Exercise directions:
Skip the pictures and write out, word for word, the lines below from the one with "Men's Cotton Jersey" through the one with "SKIMS: The Marketing", inclusive.
─── Supplied records ───
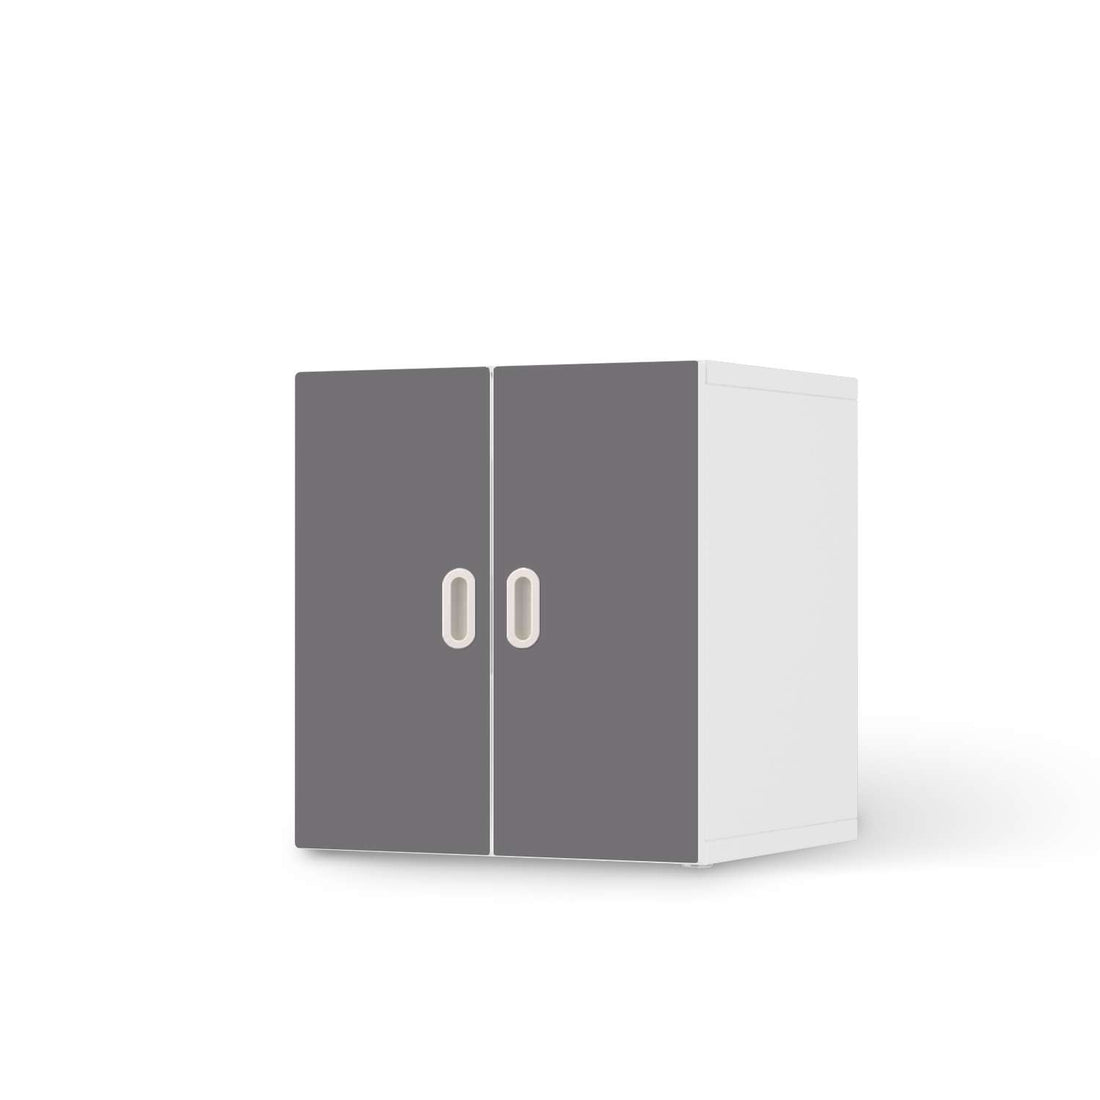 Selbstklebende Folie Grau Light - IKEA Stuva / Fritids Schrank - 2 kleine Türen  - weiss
───
─── Supplied records ───
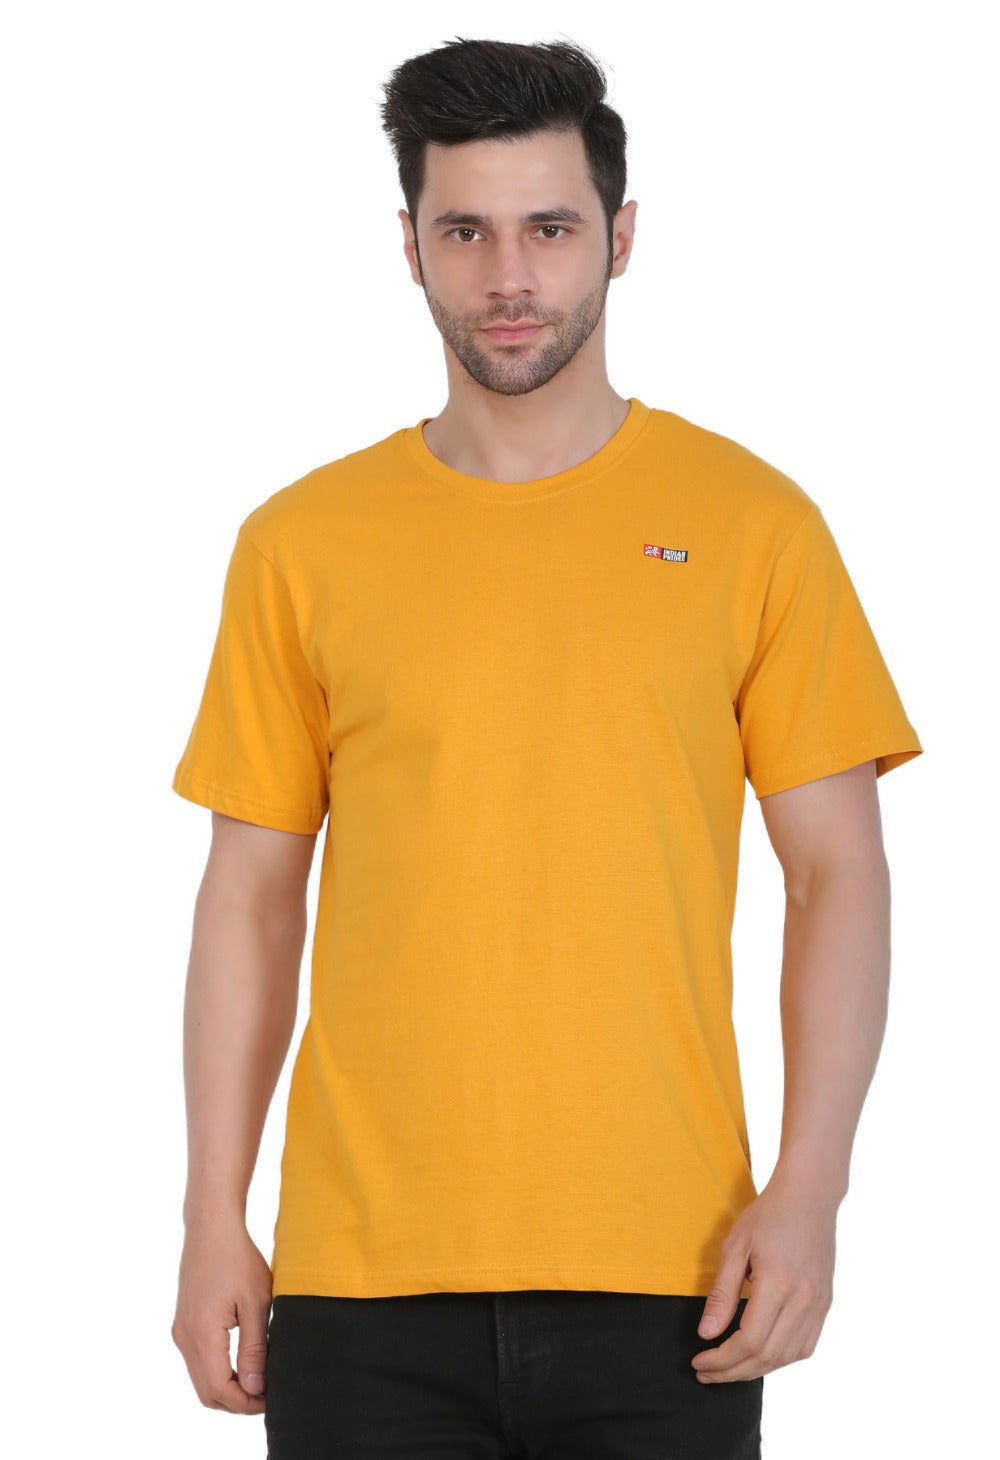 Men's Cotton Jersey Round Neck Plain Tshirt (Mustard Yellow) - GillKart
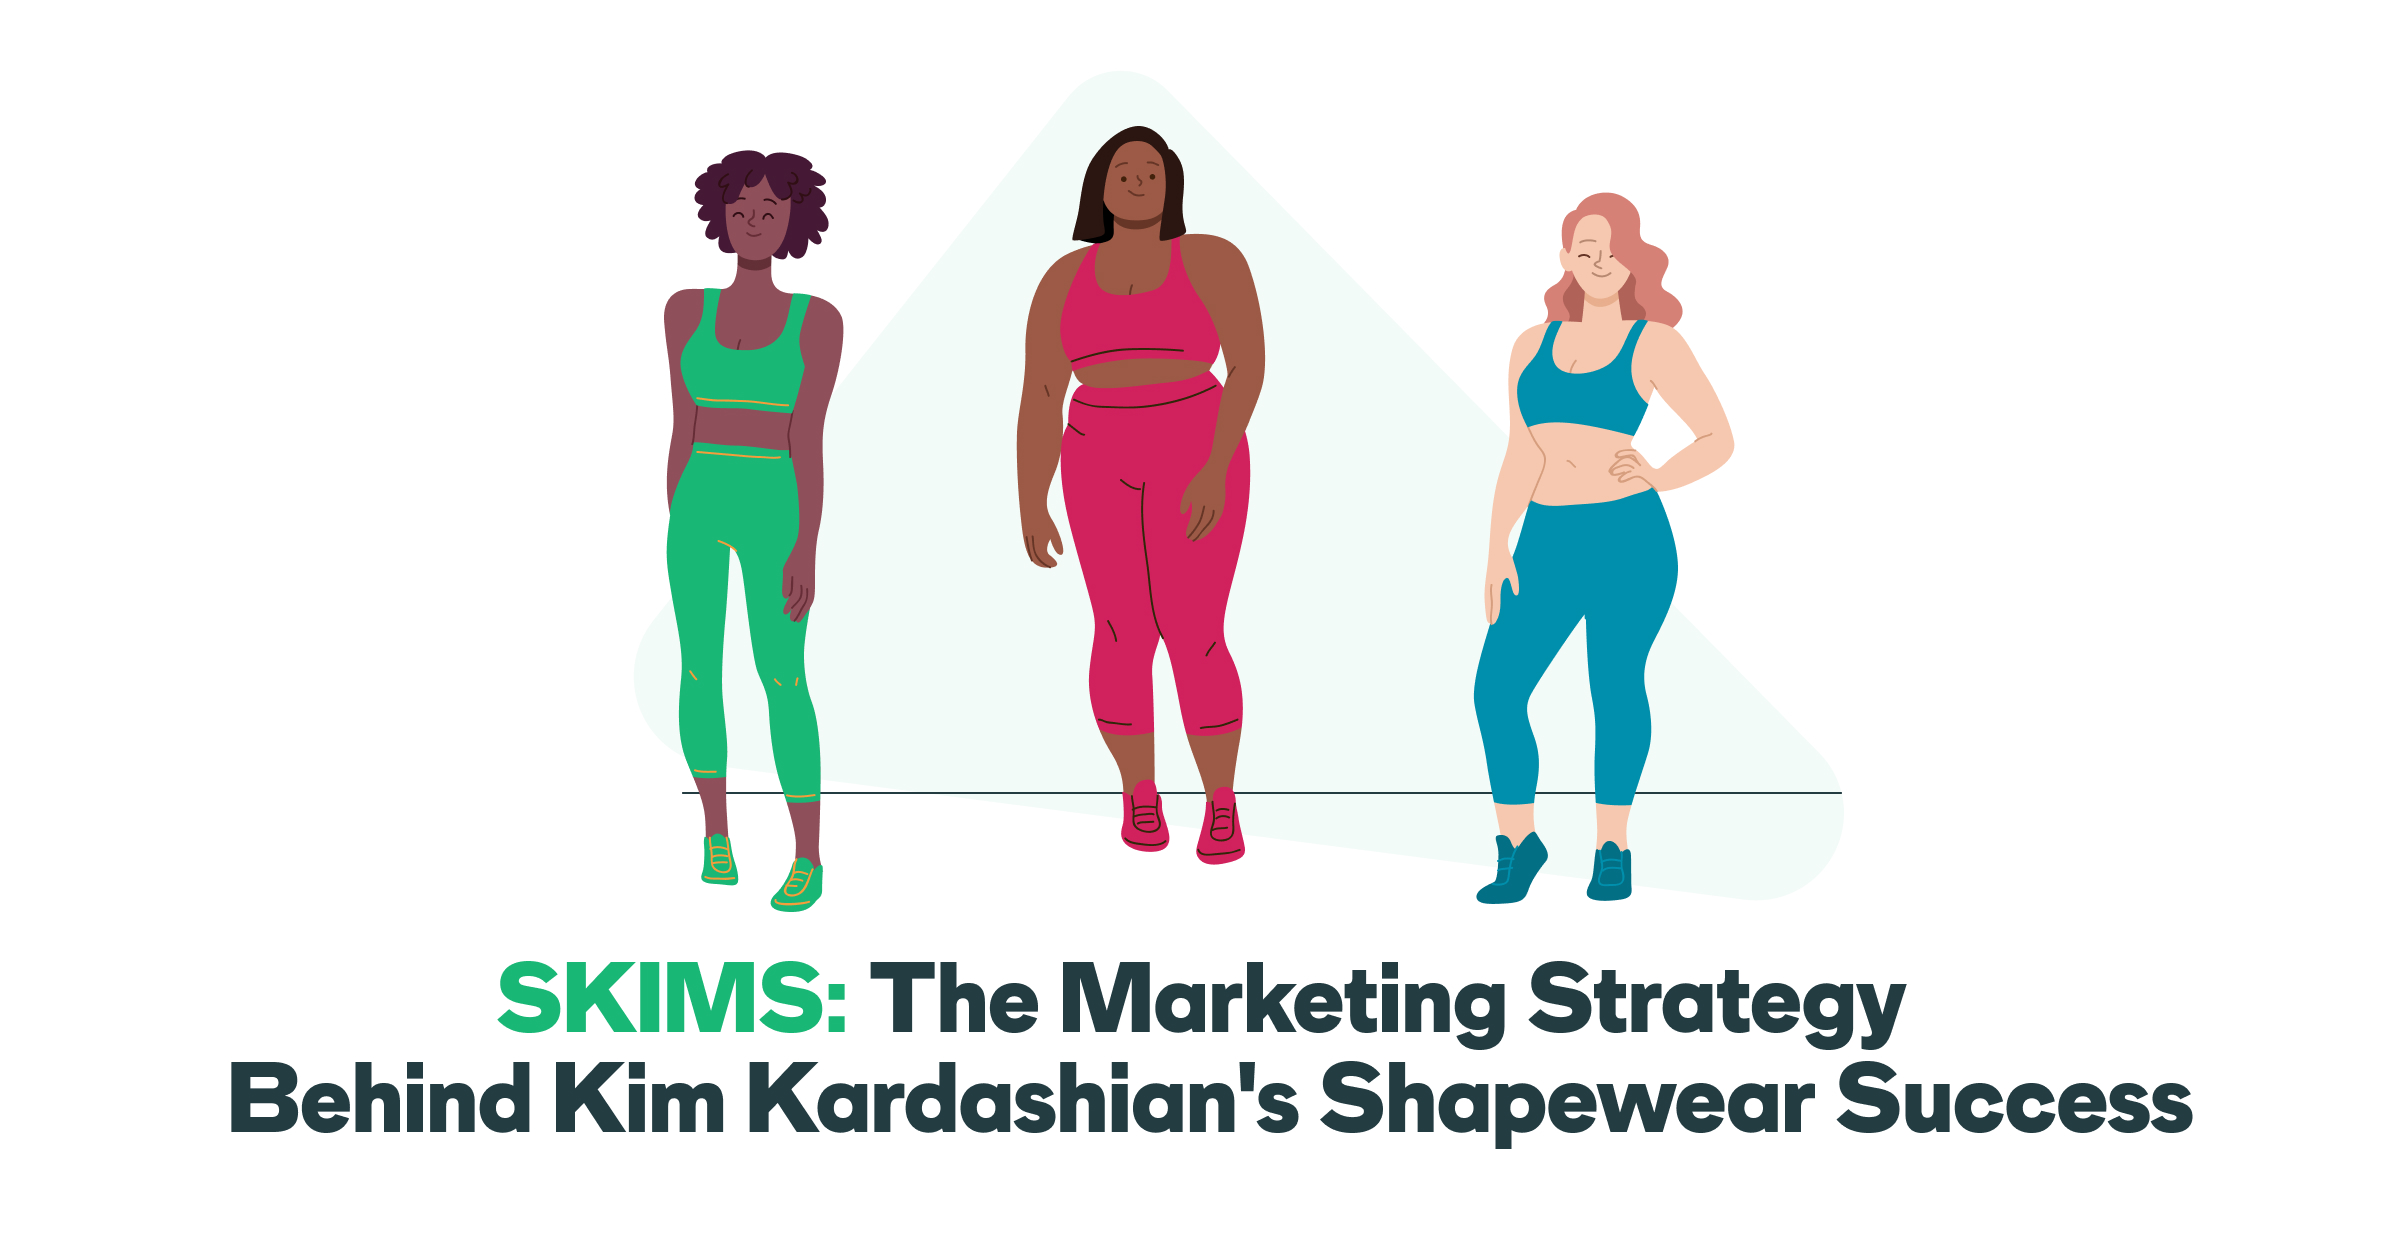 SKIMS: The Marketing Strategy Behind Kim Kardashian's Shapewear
───
Task answer:
 Men's Cotton Jersey Round Neck Plain Tshirt (Mustard Yellow) - GillKart
 SKIMS: The Marketing Strategy Behind Kim Kardashian's Shapewear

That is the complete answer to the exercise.